Wednesday, August 27, 2008

Us and them

My one contribution to world thought, though someone has probably already said it, is this: There is no "we" without a "them." Conservatives need liberals; liberals need conservatives. Good guys need bad guys; bad guys need good guys. The righteous need sinners; sinners need the righteous. The actions of sinners might or might not remain the same if there were no righteous people to point the finger. It's the polarity that does the defining. One is not a sinner in a vacuum. One does something and it's a sin if someone has so defined it, and the definers do so as a contrast to their own position. Righteous people can't exist without sinners. Can you imagine a world full of righteous people (horrible thought)? They wouldn't be righteous because there would be no category "righteous," or perhaps even a concept "righteous." However, comes a sinner and zing! righteousness exists. And sinners need the righteous. How many people sin to punish themselves? Or to thumb their noses at society, parents, peers? If there were no righteous, what would they do? I remember being at a school that was so uptight that people who played Hearts (the card game) on weekends were suspect. The good thing about that is that one can be a rebel and not do any great damage to one's self. At a liberal school, you'd have to pierce some important body parts to be a rebel.
Let's extend this into the cosmos. When will the world become one people? When we discover intelligent life on other planets somewhere. Not until then. We've got to have the "them," you see.
One of our problems as an American society is that we really don't have a good, solid them out there. We're it - king of the hill, cock of the walk, cream of the crop (multiply cliches as needed). As long as we had the evil Commies, we could have some sort of unity. The Nazis unified us nicely, thank you. Who can step in and take their place? The mid-east? No, that's a family feud and we're only in it for the oil. Aside: Does anyone really think we'd care what the mid-east did to themselves if it wasn't for oil?
Bottom line -- we'll keep squabbling until ET comes to town and then we'll whip into line.

2 comments:

Bekkieann said...

That's an astute observation. The thing that troubles me, a liberal, is that the us/them applies to me and my conservative friends whose friendship I truly value. Do we have to avoid the topic that polarizes us? Can we discuss it without judging or hurting one another? The thing that divides us would seem to preclude even the possibility of friendship. But that isn't always the way it works out.
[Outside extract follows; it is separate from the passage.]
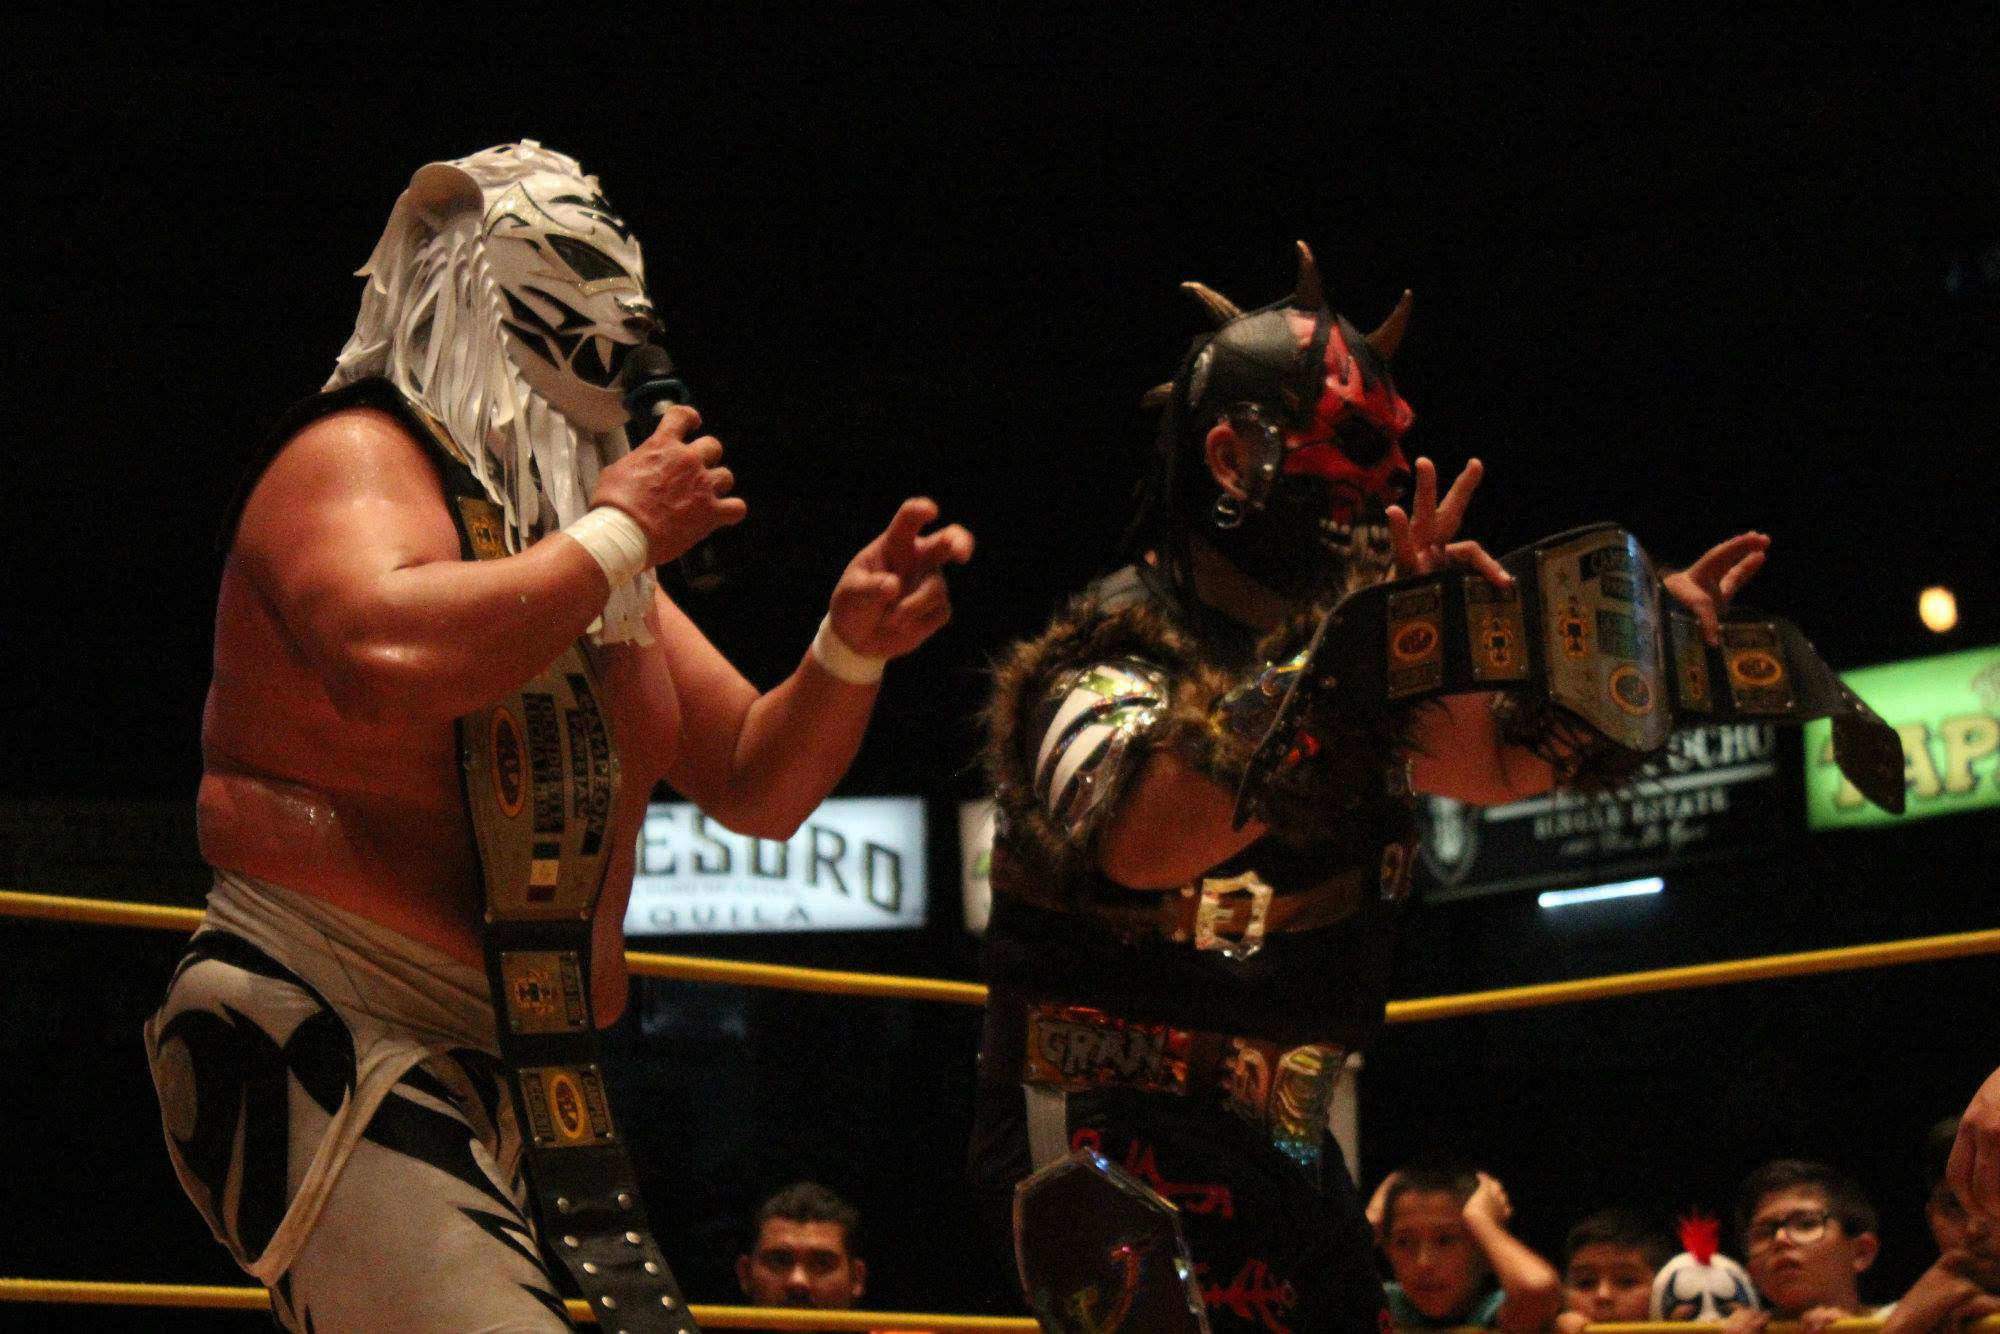 CMLL: Una mirada semanal al CMLL (Del 14 al 20 de marzo de 2019) 15

I have many friends and family members with whom I do not share political viewpoints, but I love them without any regard for that. With most of them, I avoid the topic.
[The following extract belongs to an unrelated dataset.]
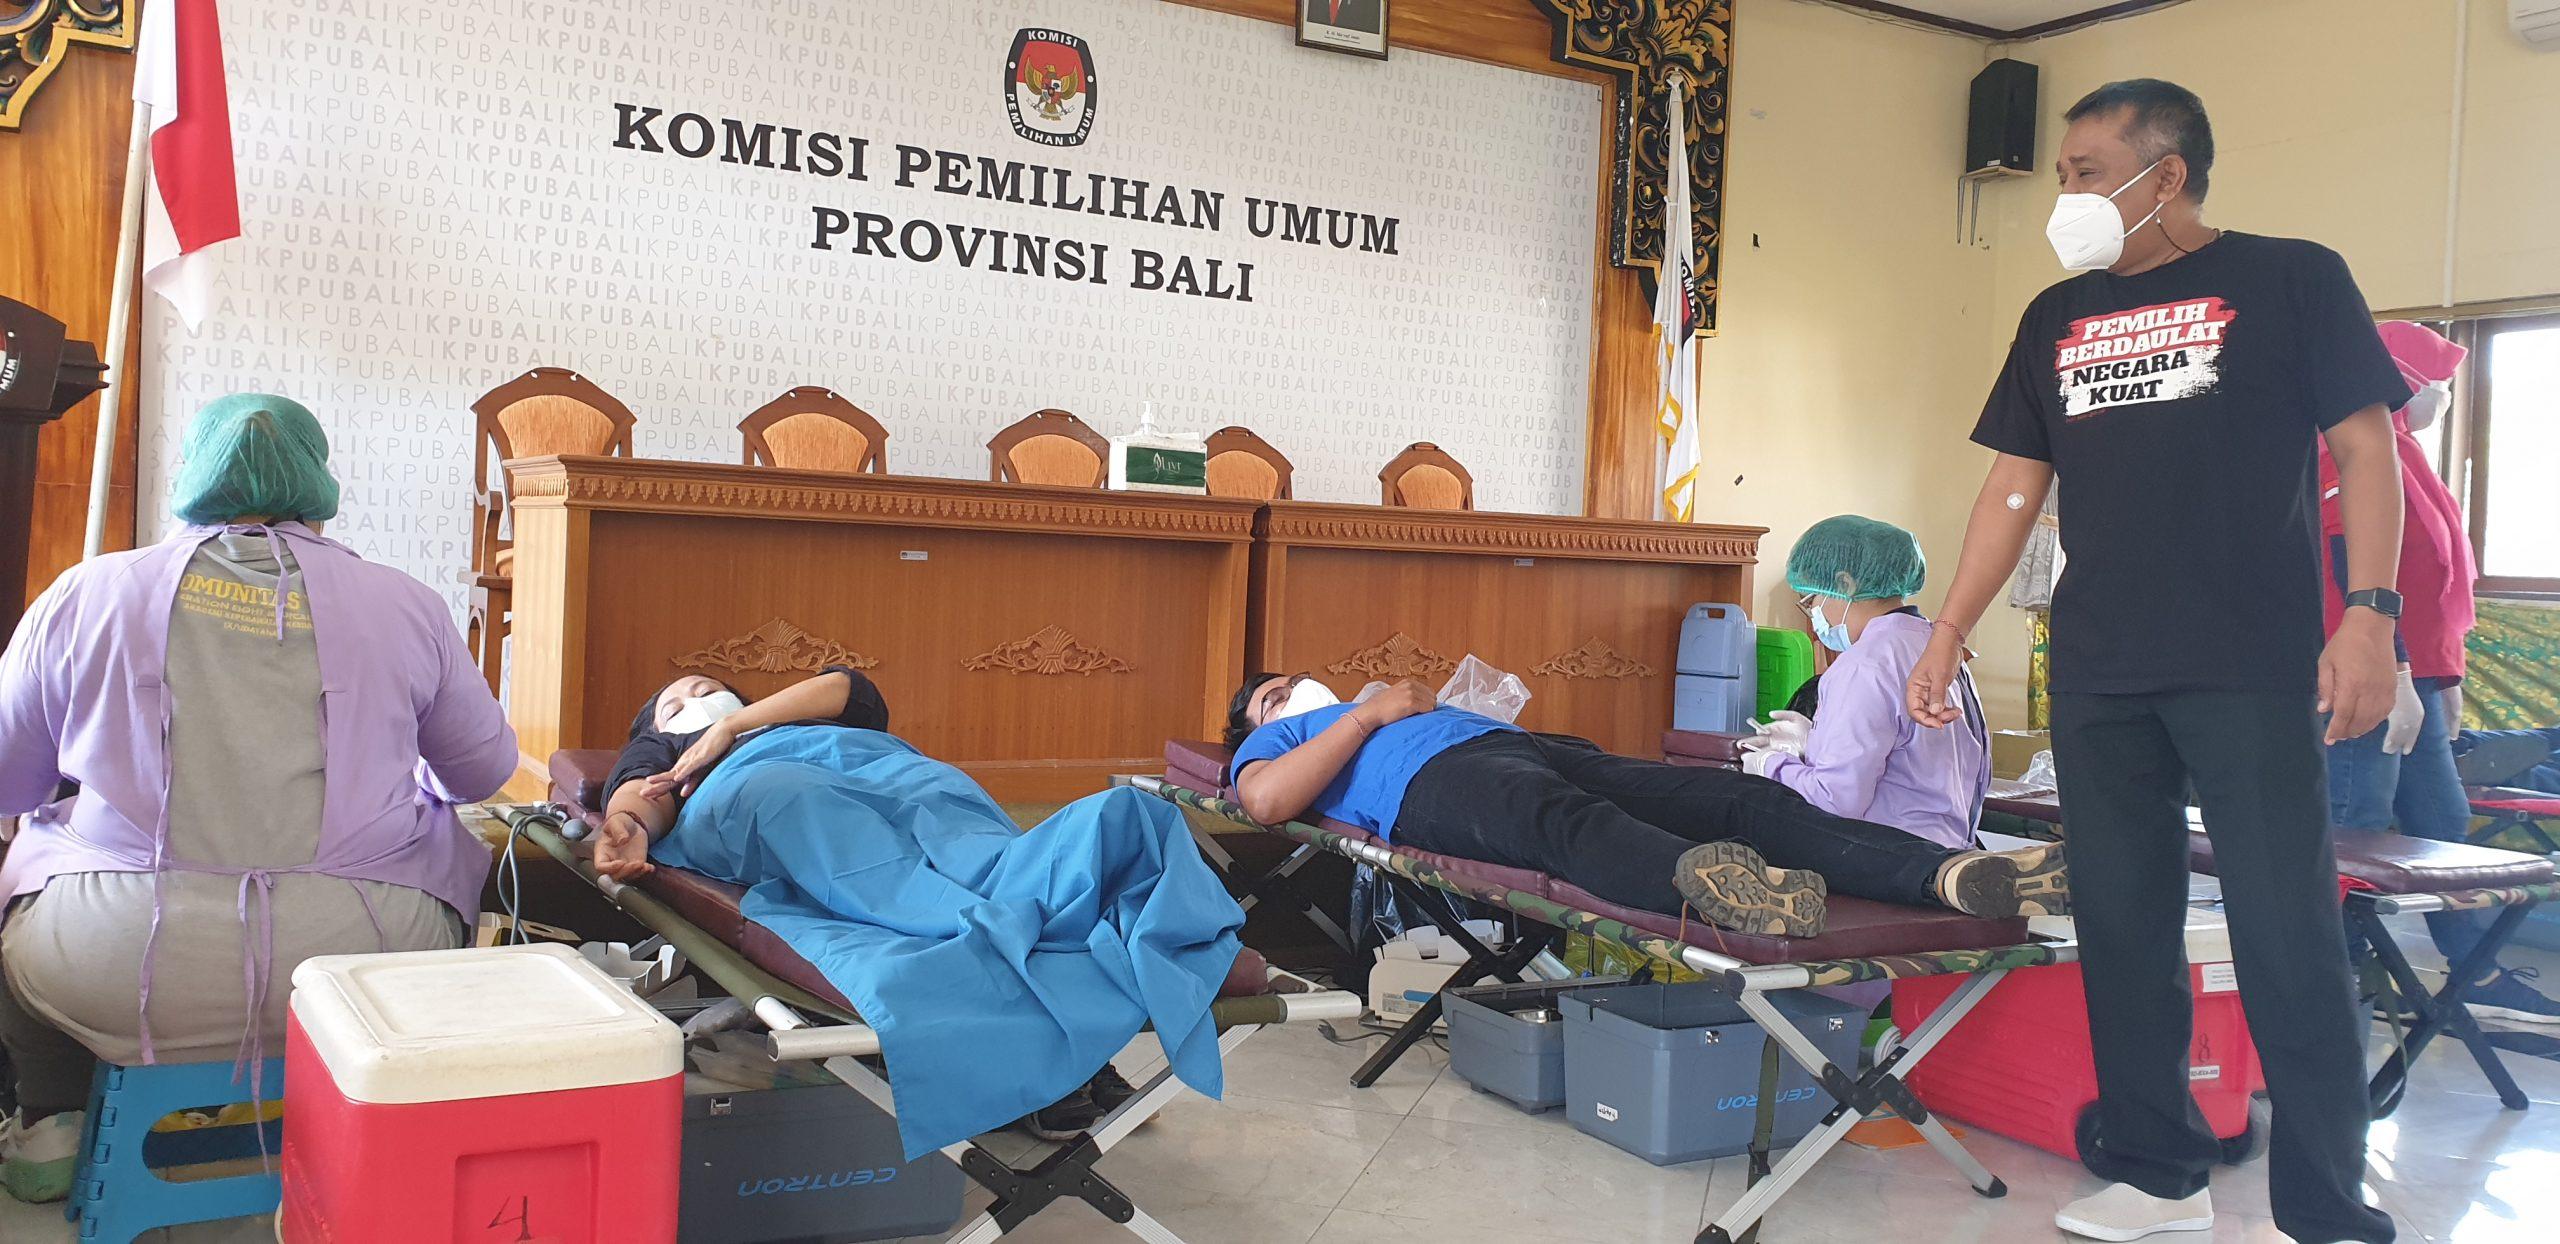 KETUA KPU Bali, I Dewa Agung Gede Lidartawan, memantau proses donor darah di KPU Bali, Rabu (25/8/2021). Foto: hen

On both your houses said...

I think that you, I, me, we, they, will simply have to agree to disagree and not talk about it. By the time one is an adult, they are pretty well set, politically. This is not an absolute, but seems to hold generally. Since I am offended by people who gratuitously insult their "them" in normal conversation, I try not to voice my opinions when I've not been asked for them (I save them for this blog). Can people have a deep friendship if they are on different sides of the fence? I think it depends on how passionate they are. Passion and reason are enemies. Eric Hoffer said something to the effect that every passionate attitude was a retreat from the self, and boy, do I wish I had said that.